EXERCISE BRIEF:
Leave every picture out. Set down all the lines below exactly.

DATA:
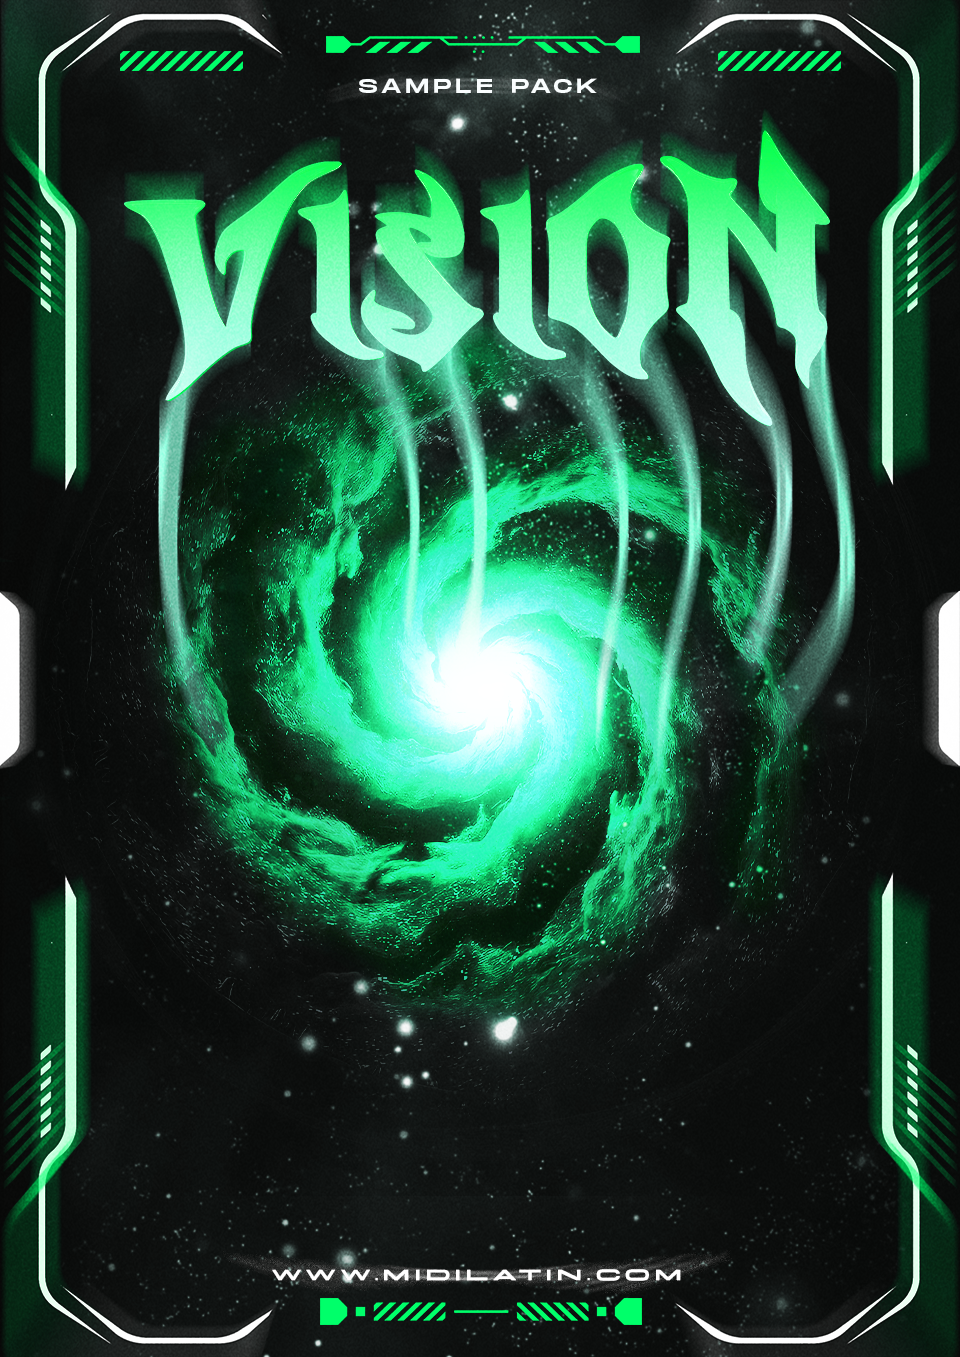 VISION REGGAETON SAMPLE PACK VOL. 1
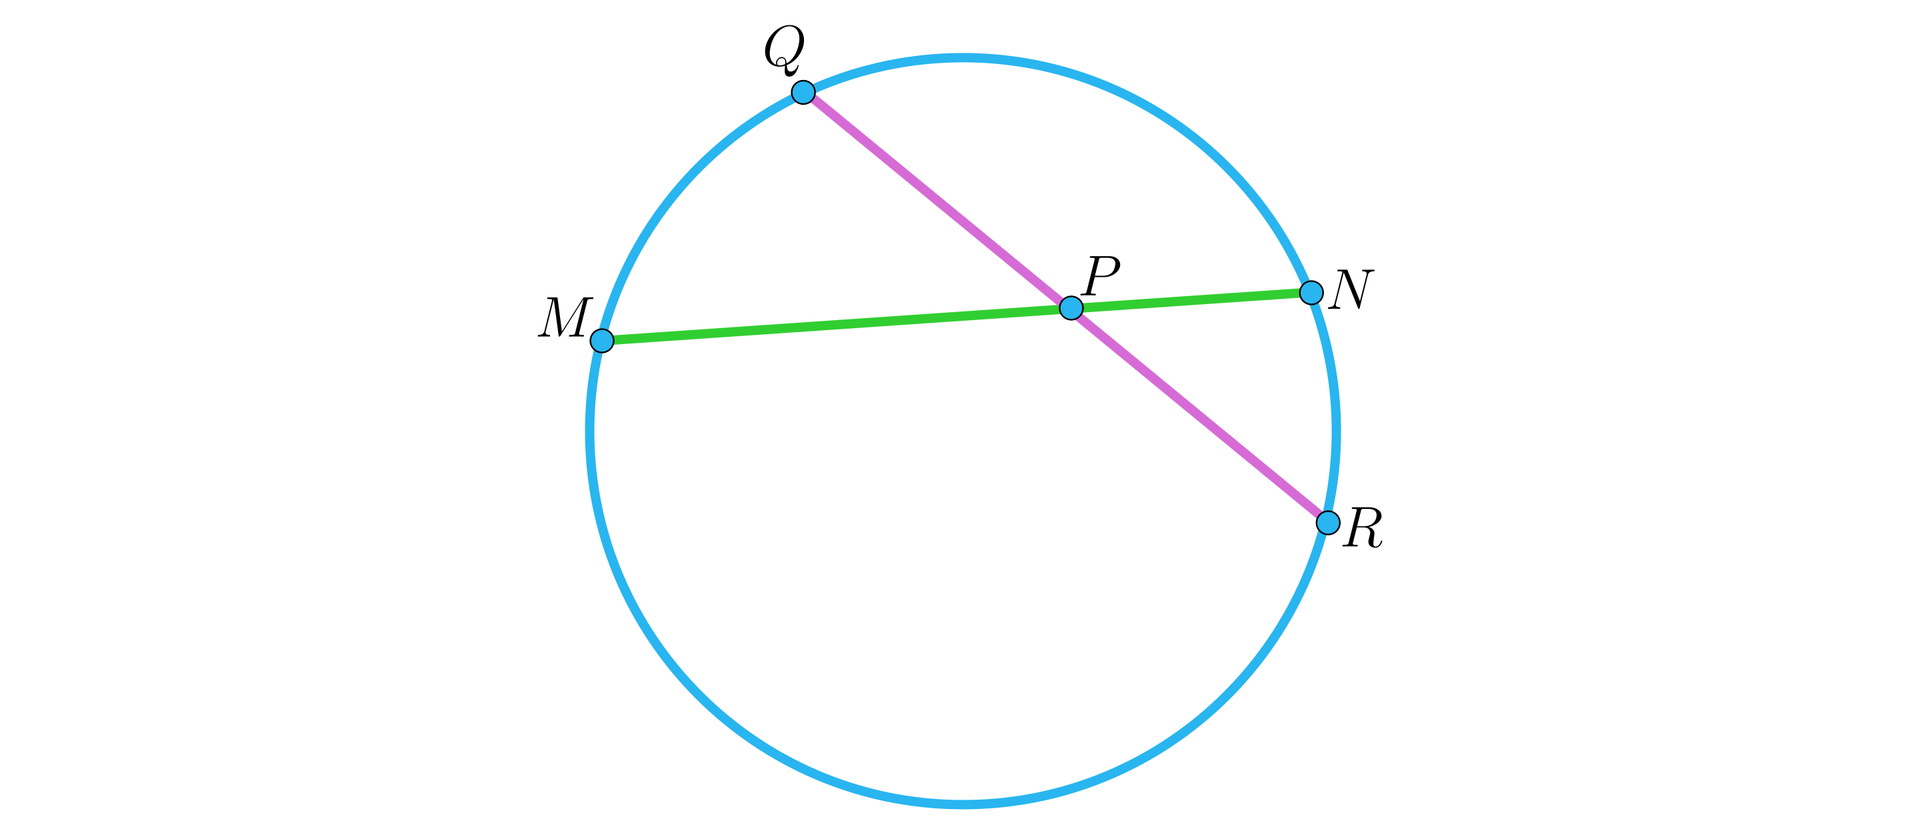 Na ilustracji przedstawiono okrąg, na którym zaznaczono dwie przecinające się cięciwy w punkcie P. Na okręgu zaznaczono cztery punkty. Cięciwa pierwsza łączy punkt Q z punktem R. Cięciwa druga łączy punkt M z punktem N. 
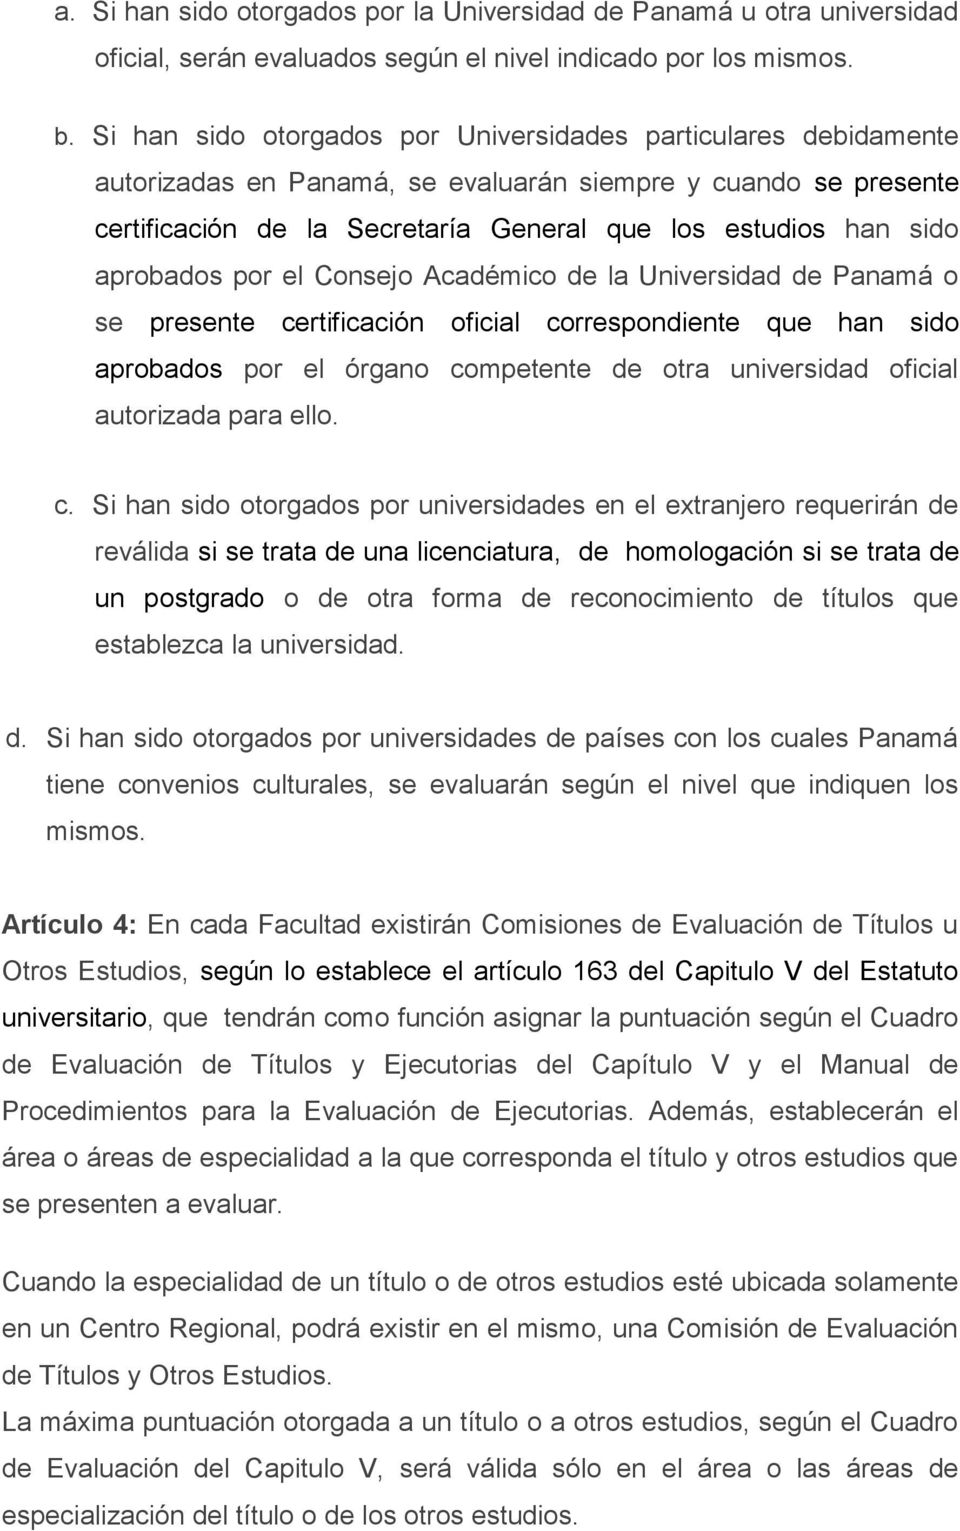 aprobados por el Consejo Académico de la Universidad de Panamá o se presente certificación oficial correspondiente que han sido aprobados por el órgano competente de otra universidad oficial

TASK RESULT:
 VISION REGGAETON SAMPLE PACK VOL. 1
 Na ilustracji przedstawiono okrąg, na którym zaznaczono dwie przecinające się cięciwy w punkcie P. Na okręgu zaznaczono cztery punkty. Cięciwa pierwsza łączy punkt Q z punktem R. Cięciwa druga łączy punkt M z punktem N. 
 aprobados por el Consejo Académico de la Universidad de Panamá o se presente certificación oficial correspondiente que han sido aprobados por el órgano competente de otra universidad oficial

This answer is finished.